Few things in life have the power to evoke long-forgotten memories than the plaintive sound of a lonely train whistle. Thanks to the recent return of rail travel to Sonoma County, this sound is now heard several times each day in my community and, each time I hear it I am brought back to the comforting wail emanating from the Sierra Railroad’s locomotive each afternoon as it wound its way to the train station at the south end of Sonora. I recall accompanying my father as he went to the train station to receive the shipments of paint that enabled him to provide for our family while I was growing up. As a small boy, I remember the guilt-tinged fascination with which I would steal glimpses of the calendar girl pinups that lined the walls of the inside of the freight-receiving part of the train station. Pictures of scantily-clad women, a novelty for an 8 year-old boy unaccustomed to such material, became something to look forward to when going to pick up paint with my father.

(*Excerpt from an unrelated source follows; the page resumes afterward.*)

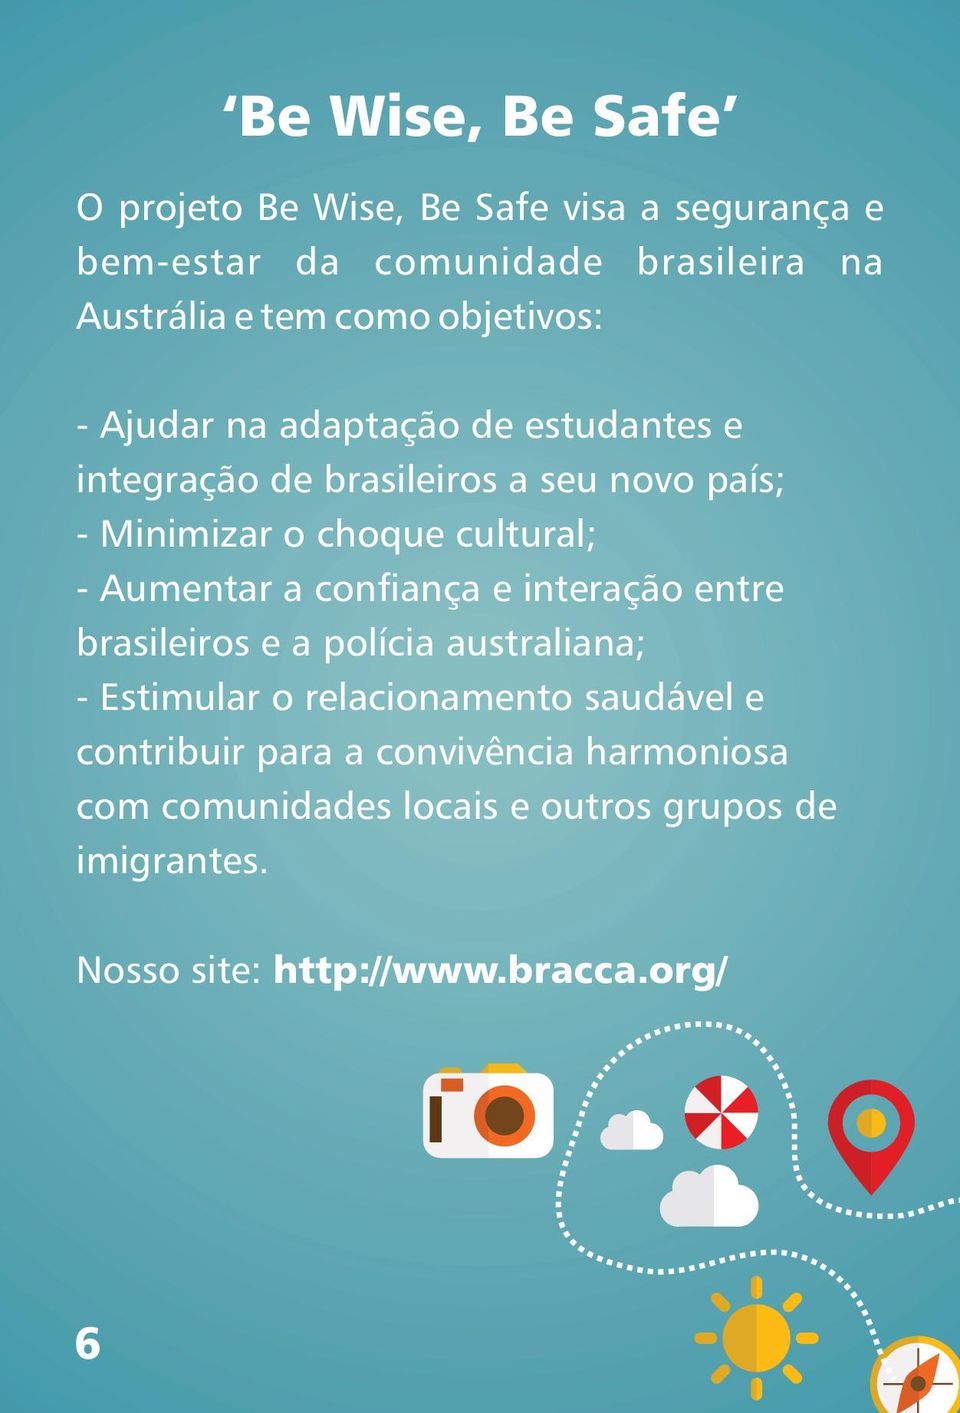 - Aumentar a confiança e interação entre brasileiros e a polícia australiana; - Estimular o relacionamento saudável e

The rail line played a big part in meeting the area’s freight needs at that time.  The freight depot, located  where the post office sits today, was a handsome building with a deck on the receiving side whose height was just right for off-loading freight onto awaiting trucks. In the days of my youth, the train had been reduced to a freight- hauling line. In an earlier time, before a larger and more ambitious train station had fallen victim to fire, the rail line had ferried passengers bound for the foothills and beyond. Today, most of the passengers riding the rails in these parts are tourists, visitors to the area who arrive in Jamestown by automobile to board trains for short excursions on summer weekends and special occasions.

In reflecting on the ability of sounds, such as that of a train whistle, to summon memories long forgotten, another sound familiar from childhood comes to mind—the once familiar sound of a rooster crowing to herald the arrival of a new day. A man who lived uphill from us when I was a child had a chicken pen commanded by a rooster who, each morning, would proclaim the coming of the dawn with unfailing regularity. Anyone who doubts that roosters are early risers is someone who has never lived close enough to one to be dispelled of such foolish notions! Many were the times I cursed that bird as a teenager after having stayed up half the night thinking I could sleep through the following morning to catch up, only to be awakened in the early light by that damnable biological alarm clock. In those days, once awake I was not able to go back to sleep, no matter how late I’d stayed up. Had I been bolder, I might have consoled myself at those times with thoughts of the bird’s demise but I was not then yet sufficiently distrustful of my conditioning to indulge in such independent thought.

I eventually learned to accept the sound of the rooster crowing and even, in time, to appreciate it. One of the blessings of the passage of time is its ability to promote acceptance of that which is beyond one’s ability to change—a life lesson whose applicability has extended far beyond the confines of the conditions which, in this case, as in many others, nourished it into being!  I hear no such morning delights these days in Petaluma. Alas, the advantages of urban living do not often include the freedom to raise farm animals.